With the rise of social media and influencer marketing, is email marketing still a relevant and effective digital marketing tool? The simple answer is YES. A solid email marketing strategy can help your small business grow and scale significantly. If implemented effectively, it can have one of the highest ROIs of all your marketing tactics; yet unfortunately, it’s often overlooked.
While social media marketing effectively engages customers online, email marketing is a direct digital marketing tactic that engages with your business’s audiences directly via their provided emails. In other words, email marketing allows you to target your chosen audience and provide them with personalized, relevant content that speaks directly to their expressed interests and needs.
To create an effective small business email marketing strategy, a small business owner needs to know:
Typically, email marketing involves sending promotional and informational content directly to prospective and current leads. The ultimate goal, of course, is to generate/nurture leads and drive sales. Email marketing can also build customer relationships and keep customers engaged with your brand between purchases.
What You Need to Know About Email Marketing
The 5 Ts of an Email Marketing Strategy
1 – Tease to Captivate
It is important to capture their attention from the beginning by creating a catchy subject line that teases the subject matter. It would be best if you tease, not taunt, or bait your reader into opening the email. To maintain credibility with your customers, you must deliver on the promise in the subject line.

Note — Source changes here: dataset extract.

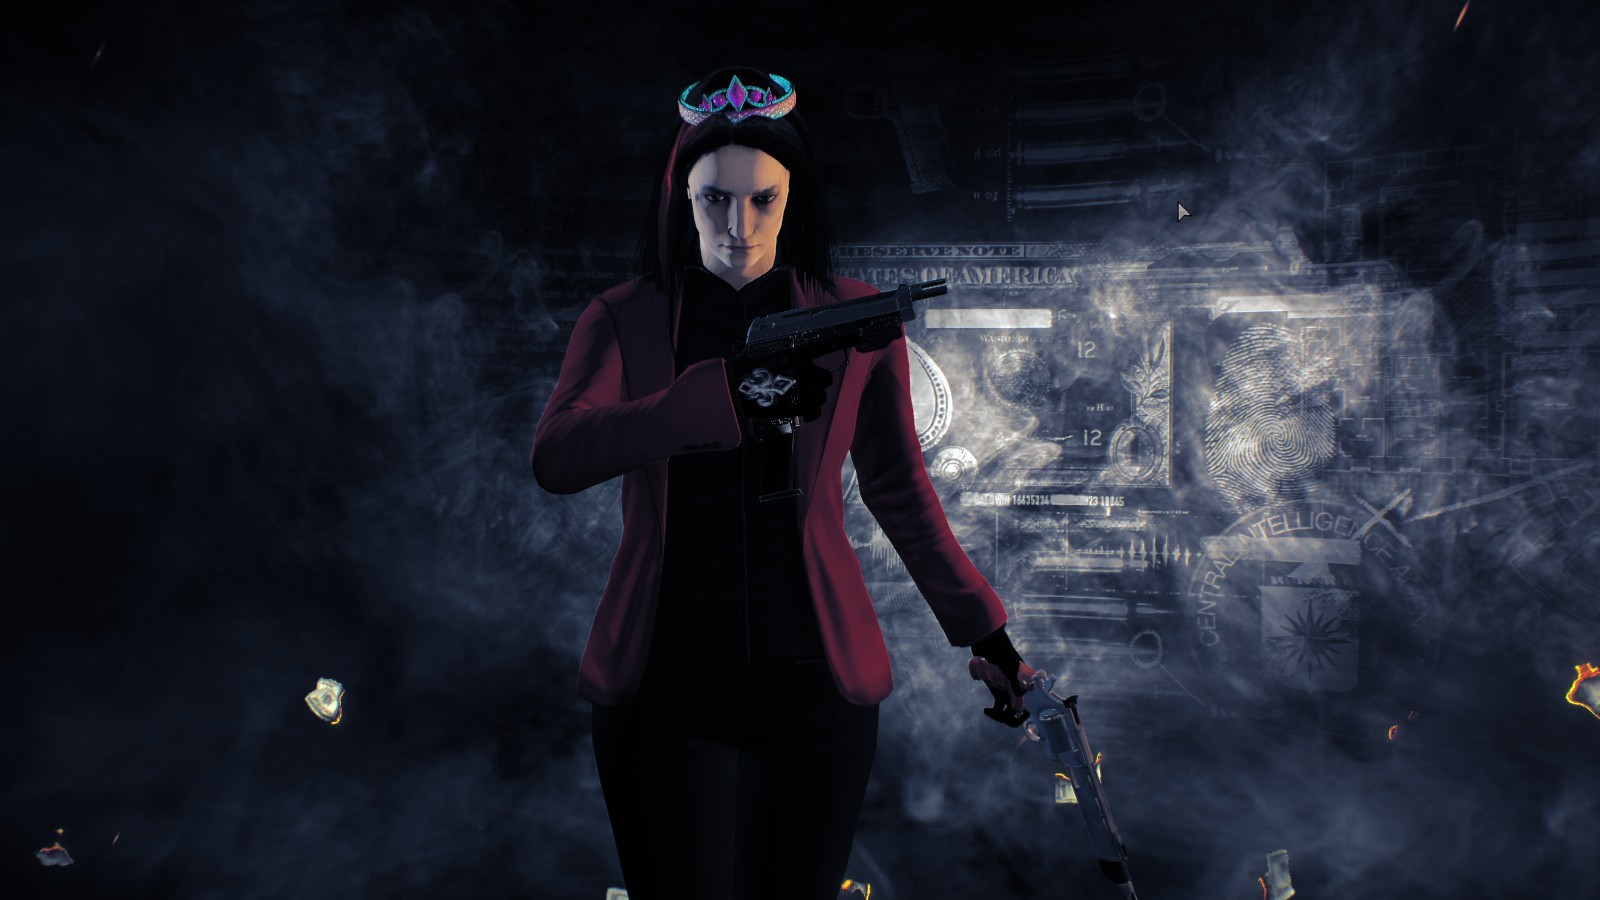 Sydney character payday 2 фото 93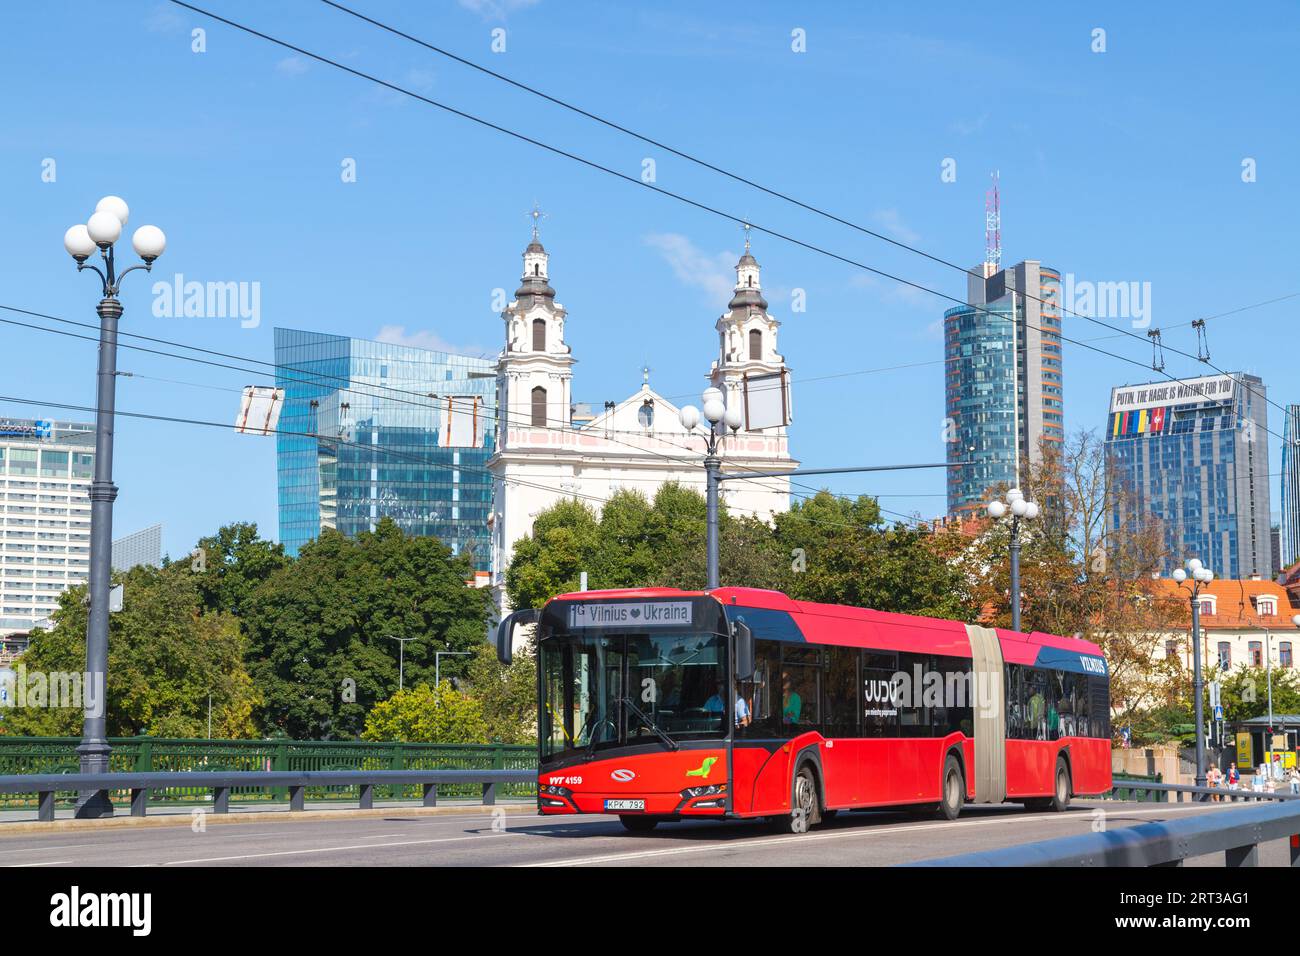 VILNIUS, LITHUANIA - 3RD SEPT 2023: A common red public transportation bus in Vilnius during the day with architecture in the background. People can b Stock Photo

From there, you can continue teasing them with the body of the email. Marketing emails are meant to entice the readers into taking action to click a link that expands on the content further. As tempting as it is to put all the relevant information in that initial email, that is not its purpose. The purpose of the email is to drive further engagement, and to achieve that; you need to remember that sometimes less is more.
Plus, no one ever reads long, copy-dense emails. Most people scan their emails for valuable information.
2 – Target to Resonate
Email marketing is effective because it is a more personal and direct means of communication. The more personalized the content, the more successful your email will be. When designing your email campaigns, use the information you gather from your contacts to guide your content.
That is not entirely true before you start making an excuse that you only have their email, which isn’t much to go on. How did you receive their email? Did they sign up for your newsletter? Did they enter their email to receive a gift? If so, what gift did they want badly enough to submit their email?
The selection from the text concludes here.